Princess of Wales's Stakes
- Class: Group 2
- Location: July Course Newmarket, England
- Inaugurated: 1894
- Race type: Flat / Thoroughbred
- Sponsor: Tattersalls
- Website: Newmarket

Race information
- Distance: 1m 4f (2,414 metres)
- Surface: Turf
- Track: Right-hand "L"
- Qualification: Three-years-old and up
- Weight: 8 st 8 lb (3yo); 9 st 6 lb (4yo+) Allowances 3 lb for fillies and mares Penalties 5 lb for Group 1 winners * 3 lb for Group 2 winners * * after 2019
- Purse: £115,000 (2021) 1st: £65,216

= Princess of Wales's Stakes =

Flat horse race in Britain

The Princess of Wales's Stakes is a Group 2 flat horse race in Great Britain open to Thoroughbred horses aged three years or older.
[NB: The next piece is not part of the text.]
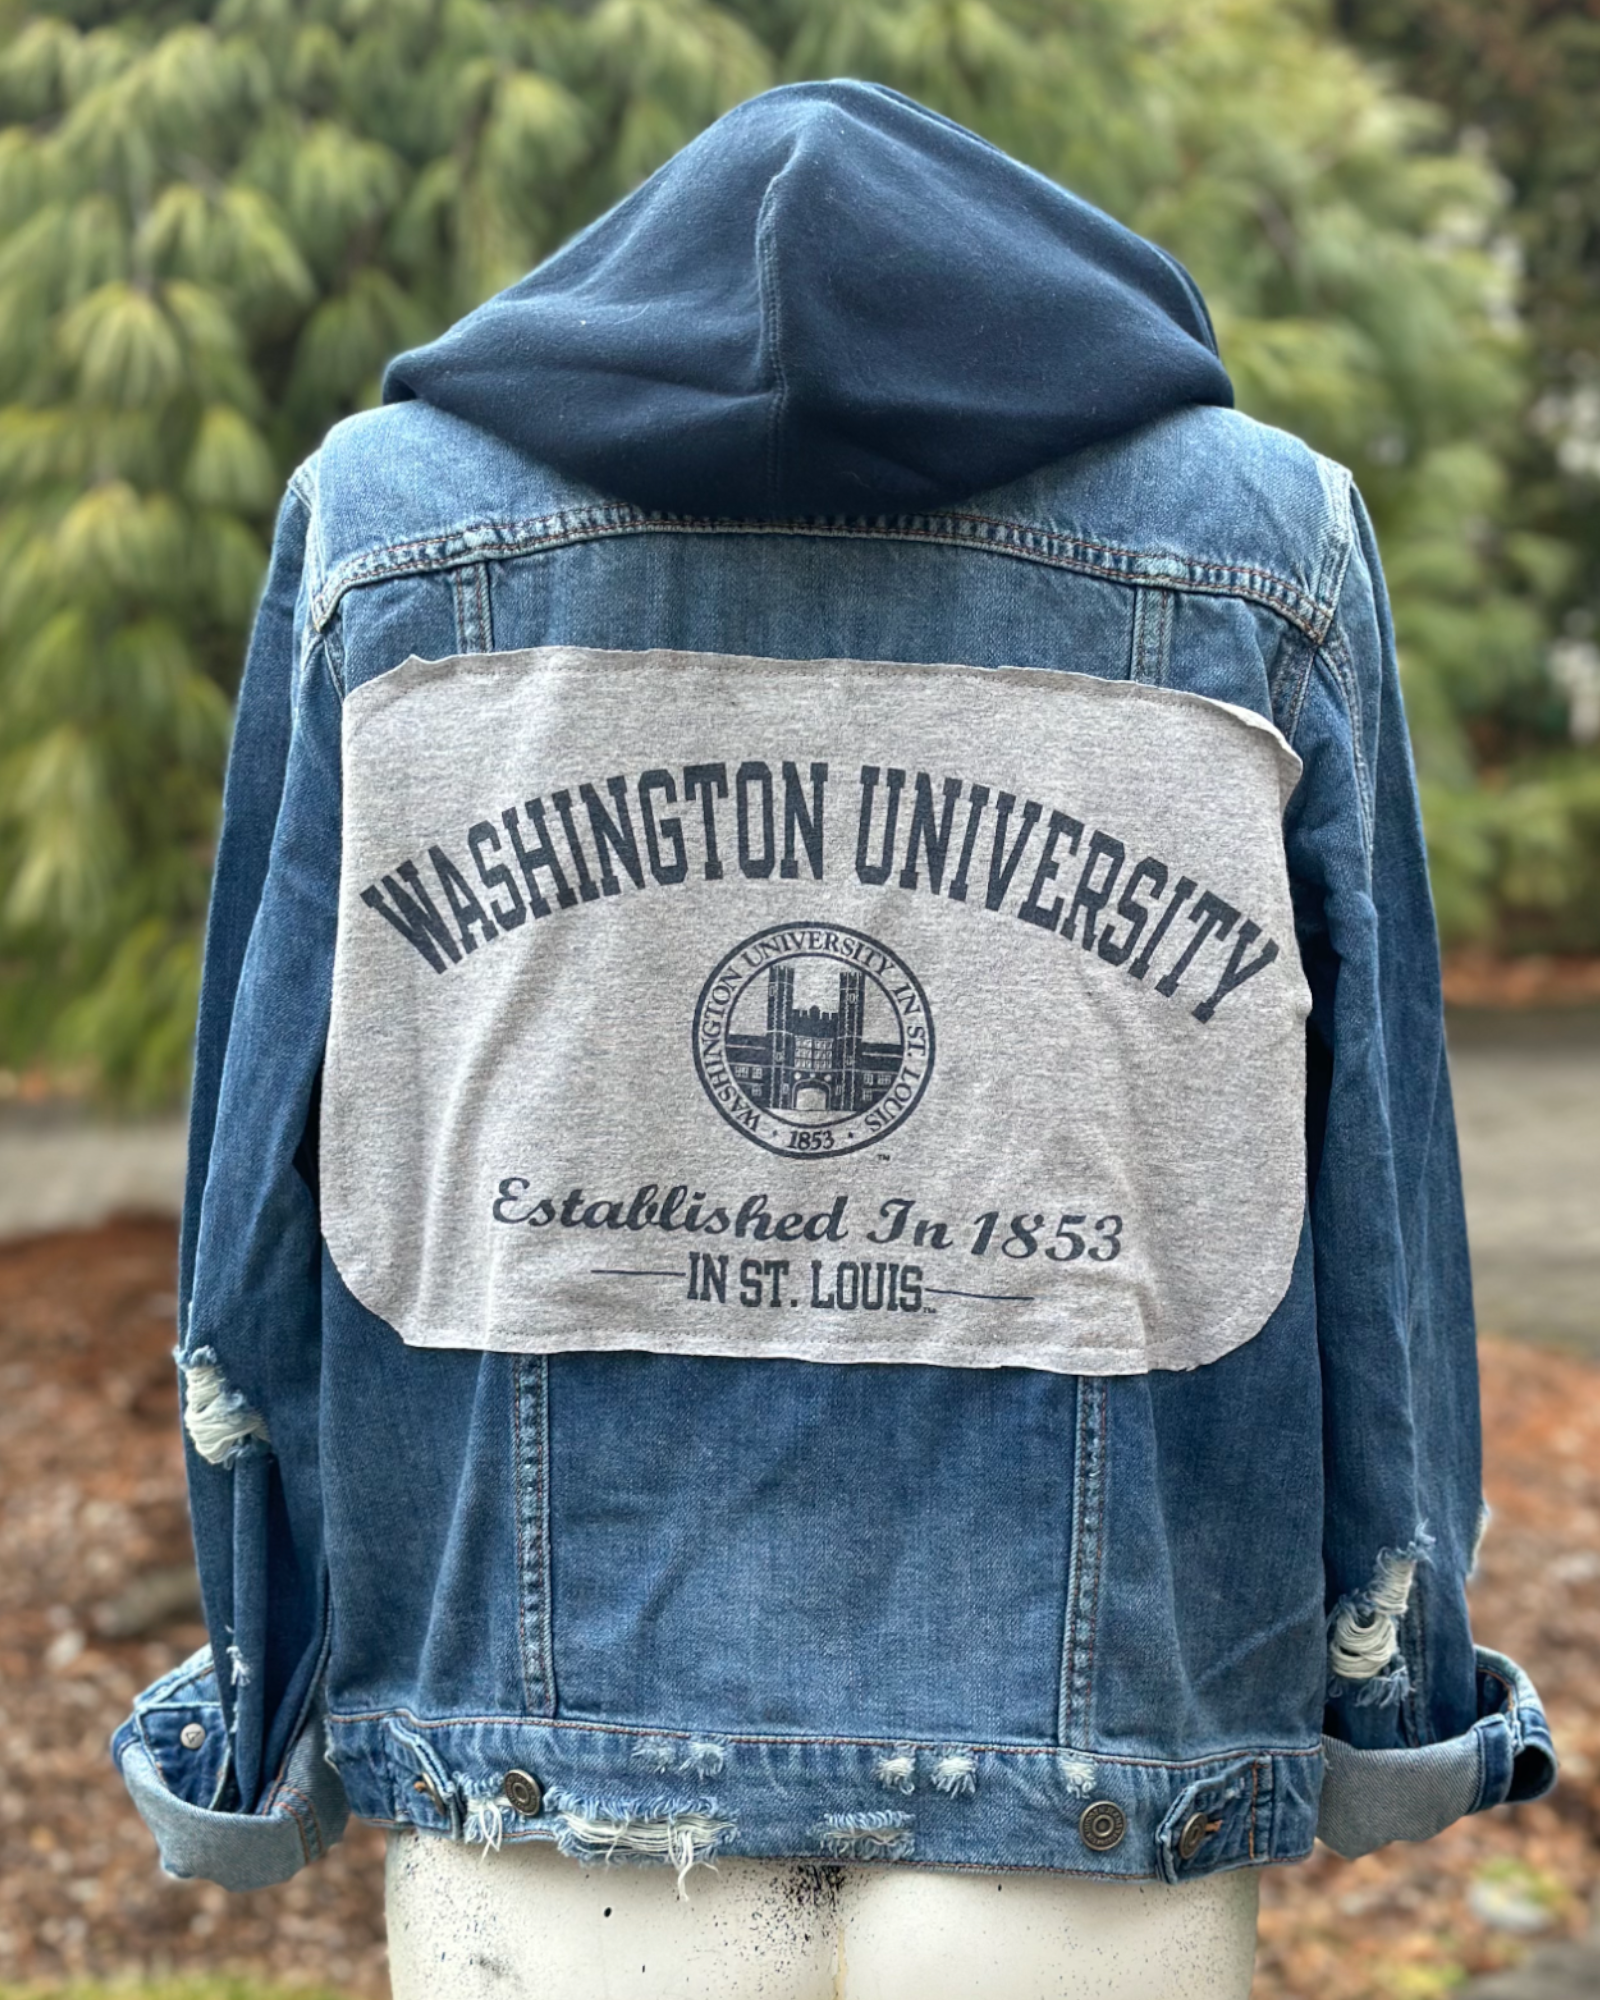 WashU Vintage Sweatshirt – Roadie Couture

It is run on the July Course at Newmarket over a distance of 1 mile and 4 furlongs (2,414 metres), and takes place each year in July.

==History==
The event is named in honour of Alexandra of Denmark, who became the Princess of Wales in 1863. It was established in 1894, and the inaugural running was won by Isinglass. In its early history, the race was one of the British season's most valuable and prestigious all-aged races. It was initially contested over a mile, and it was extended to its current distance in 1902.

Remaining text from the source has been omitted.